Moreover, drug shortages have many causes but one of them is the lack of commercial viability in supplying many medicines. The shortages witnessed in various countries of things like generic antibiotics and chemotherapy medicines have been triggered by low prices in the market caused in part by short-term cost-cutting on the part of funders to the detriment of long-term commercial viability. Hospitals running short of treatments for cancer patients and ongoing worldwide shortages of cheap, old antibiotics highlight the patient impact of business issues.

These are just to name a few examples where health outcomes would be helped by a good dose of comfort and capability working with innovation, business reality and industrial development on the part of those implementing health policy.

We do need to be careful in saying that there needs an industrial policy arrow to our health policy bow, because there have been some examples in the past of bad industrial policy being dressed up as ‘health policy’. Think here of examples of tariffs being put on medicines by developing country governments which sick people in their own countries end up paying or undermining patents through issuing compulsory licenses to give a leg up to local manufacturers that leads to higher prices for medicines.

 

What needs to change?

Some of the major issues in health policy today need to be considered drawing from the lessons and insights from industrial policy if they are to be better addressed.

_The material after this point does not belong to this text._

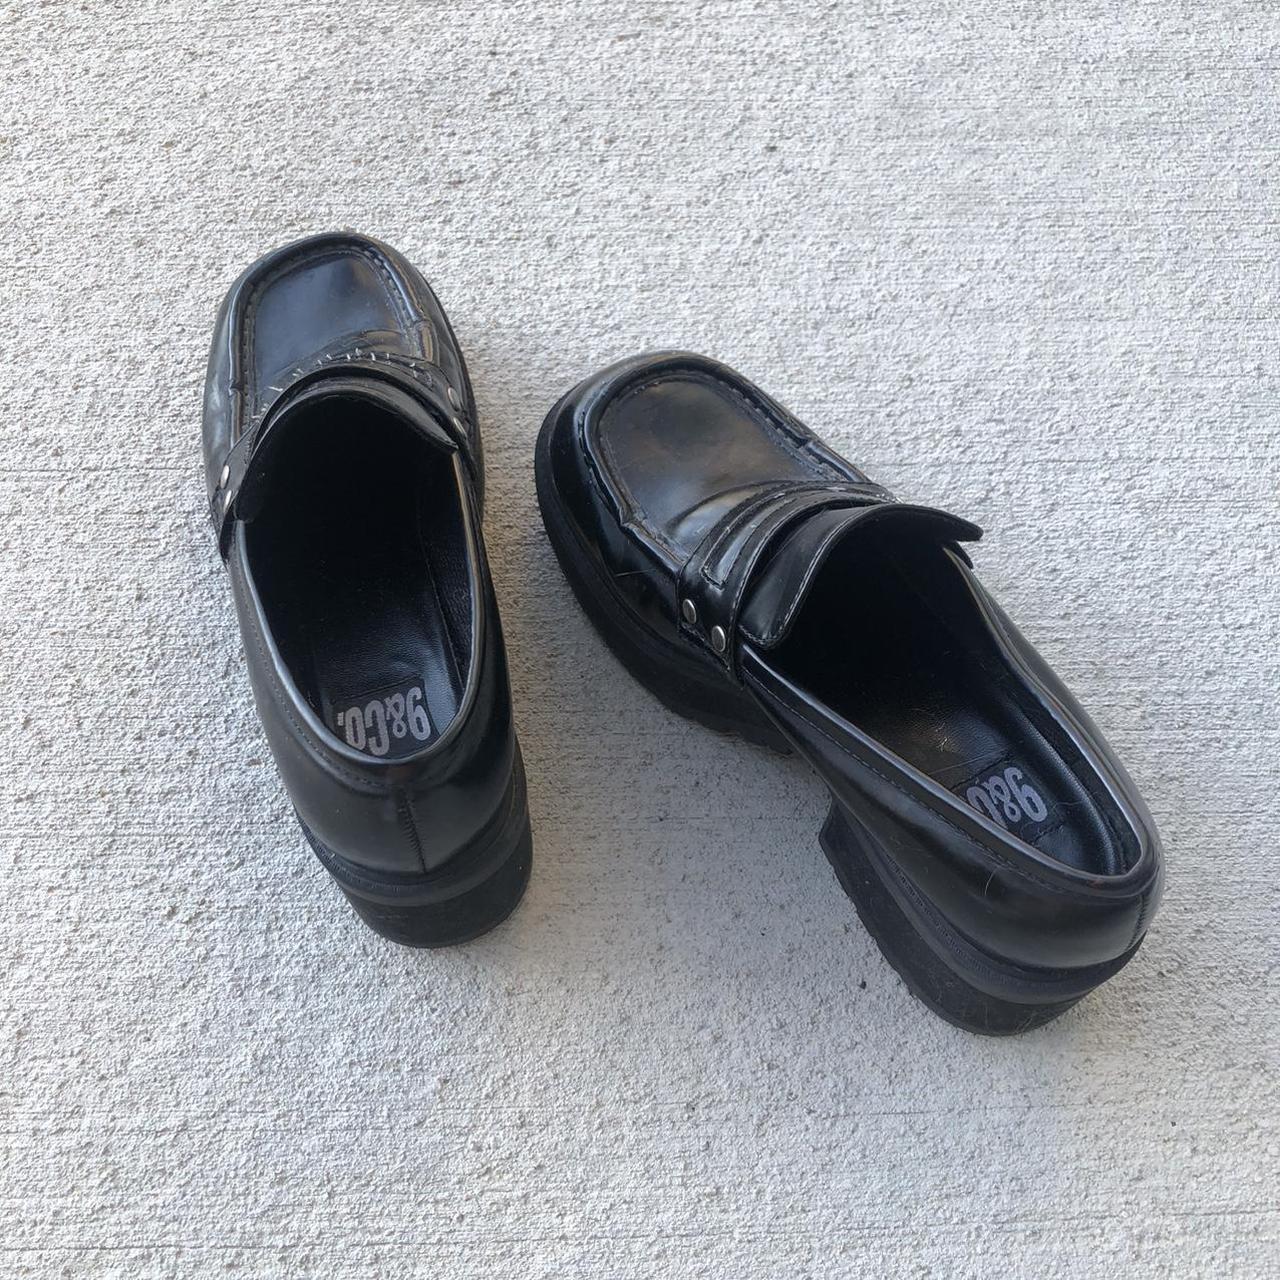 Insane vintage 90s black chunky platform loafers! In... - Depop
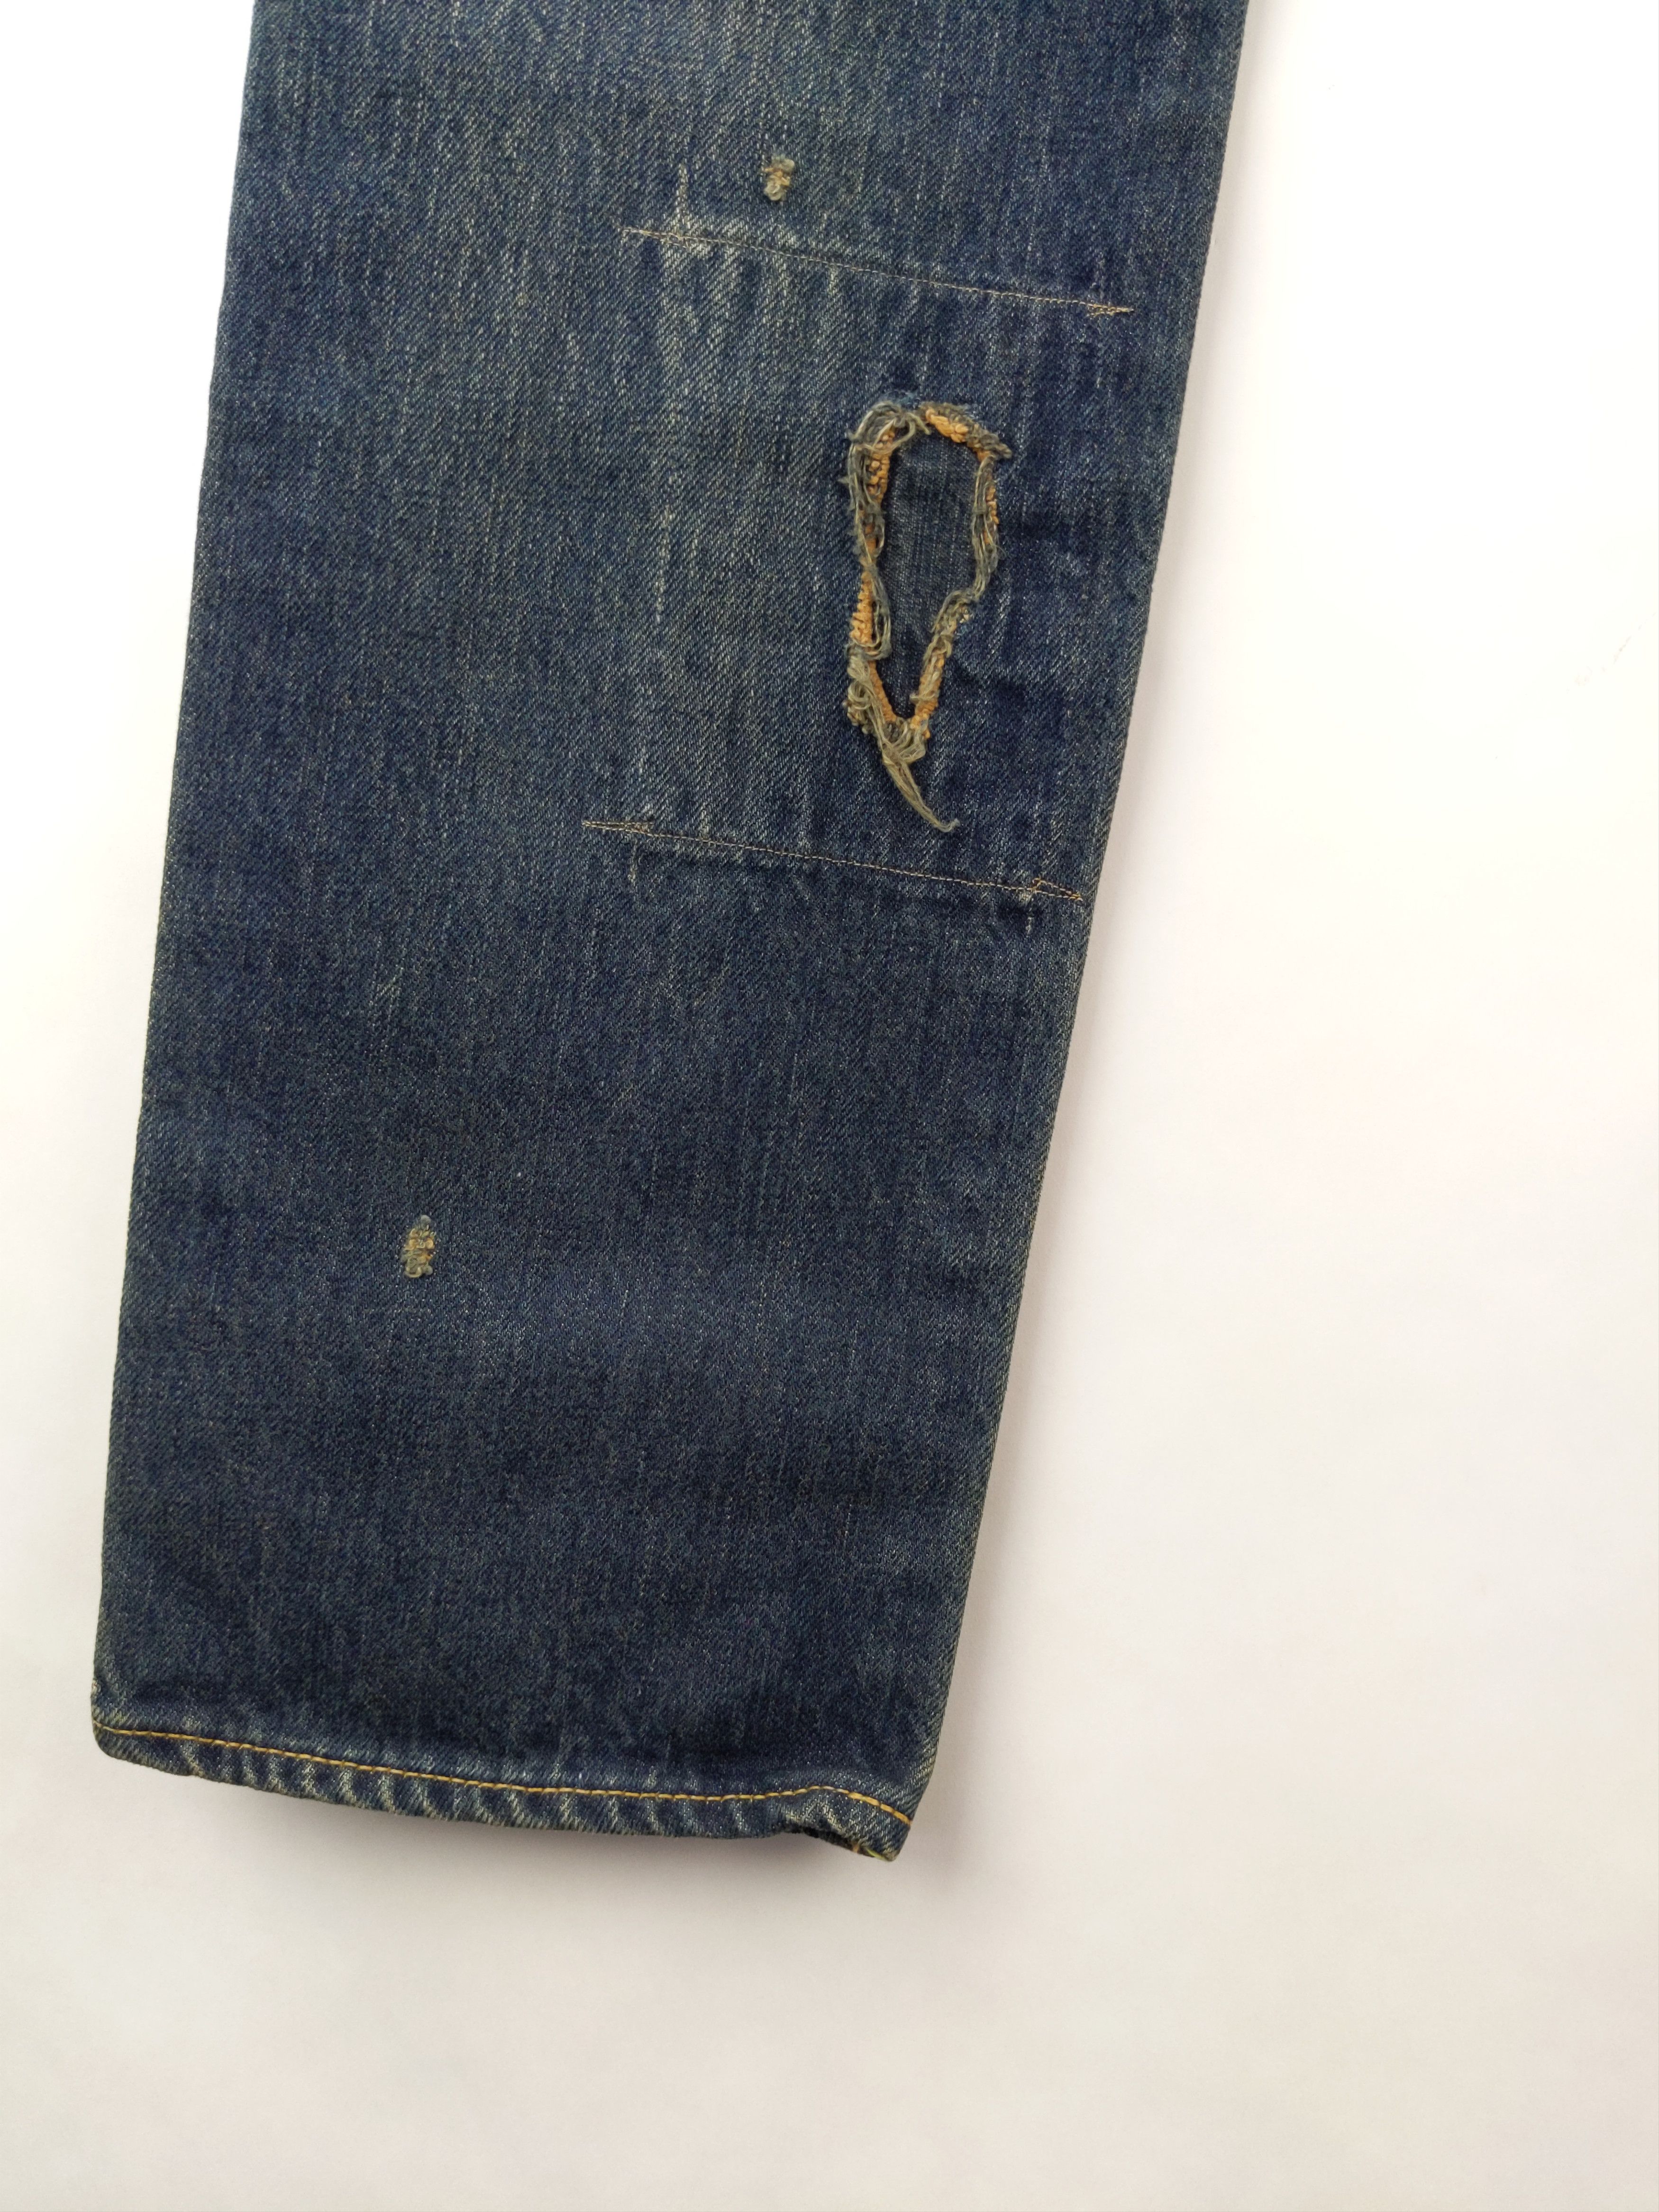 Kapital KAPITAL KOUNTRY Sashiko Boro Bush Pants Jeans Denim US S Size US 29 - 8 Thumbnail

Health policymakers in governments and international agencies should be prepared to constructively engage in issues like innovation, incentives, market competition and industrial development. Some already do, but more need to do it. They should understand their role in framing and developing the ‘health economy’ and leverage that to achieve better outcomes for patients. They should drive collaboration and dialogue across the innovation system between health policy officials, payers, industry, research agencies and patient groups. Officials should also be prepared to work closer with their colleagues in other government departments focussed on science, innovation, industry, environment and economic development and be prepared to work with private industry to understand these issues. As well as ameliorating some of the major health policy issues facing society, such collaboration will also spur the growth of new technologies, innovation and industrial development in the health sector.

More payer and reimbursement agencies should recognise their formative role in influencing the market for health technology and services. Just as the attitudes and aspirations of customers influence innovation and development in other markets, so too the purchasers and funders of medicines, devices and services influence the health market. It is these agencies that ultimately send signals to the private sector about what the market needs and the value of different medical technologies like ventilators, personal protective equipment, cancer treatments, antibiotics and vaccines. Some agencies around the world do this better than others. While some health policy practitioners might feel uncomfortable getting their hands dirty in dealing with business issues, done properly it will lead to better health policy in the long run.

Private companies working in the health sector need to be more open and explain the business issues of operating in the health sector. While obviously constrained by legal requirements, companies should spend more of their time explaining to stakeholders in the health policy community what they do, what their commercial drivers are, and how they make decisions as companies. Building trust between the different stakeholders is key and companies can take the lead in opening genuine dialogue on these issues. This might push the envelope somewhat in what companies are comfortable doing, but it is necessary.

There is a lot to be gained if health policy practitioners can work with one informed eye on the long-term business impact of what they are doing. They will benefit, the health system will benefit, industry will benefit, the economy will benefit and ultimately, and most importantly, patients will benefit.

 

Brendan Shaw is Principal of Shawview Consulting and is an adjunct senior lecturer in pharmaceutical medicine and global health at the University of New South Wales.